[ASSIGNMENT]: Among the records below, find the line that has "IRON Wool &"; from there, give the lines again exactly, and stop after the line that has "Rangemaster RGG77 manual".

[DATA SHOWN]:
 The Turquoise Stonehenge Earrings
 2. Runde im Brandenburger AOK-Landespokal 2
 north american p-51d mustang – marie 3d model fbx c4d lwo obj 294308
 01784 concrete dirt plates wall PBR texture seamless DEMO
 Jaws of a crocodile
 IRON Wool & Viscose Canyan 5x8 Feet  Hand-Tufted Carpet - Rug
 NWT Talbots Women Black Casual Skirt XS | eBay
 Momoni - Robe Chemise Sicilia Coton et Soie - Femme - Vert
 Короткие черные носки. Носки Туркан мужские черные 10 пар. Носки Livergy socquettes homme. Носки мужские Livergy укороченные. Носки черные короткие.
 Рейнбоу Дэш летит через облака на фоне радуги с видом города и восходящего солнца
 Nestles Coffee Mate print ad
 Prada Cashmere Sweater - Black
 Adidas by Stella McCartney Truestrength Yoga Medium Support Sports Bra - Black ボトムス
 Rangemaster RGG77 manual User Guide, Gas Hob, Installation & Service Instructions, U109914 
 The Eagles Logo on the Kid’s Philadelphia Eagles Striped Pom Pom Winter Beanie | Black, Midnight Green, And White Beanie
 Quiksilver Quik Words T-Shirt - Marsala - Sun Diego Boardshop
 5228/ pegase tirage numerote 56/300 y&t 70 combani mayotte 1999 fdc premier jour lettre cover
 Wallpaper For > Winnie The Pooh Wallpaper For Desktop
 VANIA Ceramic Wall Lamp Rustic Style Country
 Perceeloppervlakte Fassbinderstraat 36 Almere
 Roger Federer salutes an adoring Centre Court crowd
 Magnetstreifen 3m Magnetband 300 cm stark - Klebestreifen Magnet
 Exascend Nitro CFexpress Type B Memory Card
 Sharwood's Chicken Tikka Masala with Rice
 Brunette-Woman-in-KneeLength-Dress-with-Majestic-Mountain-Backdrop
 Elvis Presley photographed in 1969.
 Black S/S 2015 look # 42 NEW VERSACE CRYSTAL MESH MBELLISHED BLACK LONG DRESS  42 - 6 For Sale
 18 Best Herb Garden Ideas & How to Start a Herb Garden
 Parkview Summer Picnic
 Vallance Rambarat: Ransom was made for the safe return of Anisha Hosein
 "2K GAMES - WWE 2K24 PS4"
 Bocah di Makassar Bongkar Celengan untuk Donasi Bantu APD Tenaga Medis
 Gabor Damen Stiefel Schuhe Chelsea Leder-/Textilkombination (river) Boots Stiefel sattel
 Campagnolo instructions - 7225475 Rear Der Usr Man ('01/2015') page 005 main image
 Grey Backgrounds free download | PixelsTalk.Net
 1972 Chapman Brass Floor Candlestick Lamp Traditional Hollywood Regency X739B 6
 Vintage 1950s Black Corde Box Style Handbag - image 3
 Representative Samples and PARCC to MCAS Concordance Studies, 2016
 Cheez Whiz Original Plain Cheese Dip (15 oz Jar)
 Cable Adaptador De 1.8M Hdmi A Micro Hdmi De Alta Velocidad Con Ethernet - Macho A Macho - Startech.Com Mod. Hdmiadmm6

[COMPLETED EXERCISE]:
 IRON Wool & Viscose Canyan 5x8 Feet  Hand-Tufted Carpet - Rug
 NWT Talbots Women Black Casual Skirt XS | eBay
 Momoni - Robe Chemise Sicilia Coton et Soie - Femme - Vert
 Короткие черные носки. Носки Туркан мужские черные 10 пар. Носки Livergy socquettes homme. Носки мужские Livergy укороченные. Носки черные короткие.
 Рейнбоу Дэш летит через облака на фоне радуги с видом города и восходящего солнца
 Nestles Coffee Mate print ad
 Prada Cashmere Sweater - Black
 Adidas by Stella McCartney Truestrength Yoga Medium Support Sports Bra - Black ボトムス
 Rangemaster RGG77 manual User Guide, Gas Hob, Installation & Service Instructions, U109914 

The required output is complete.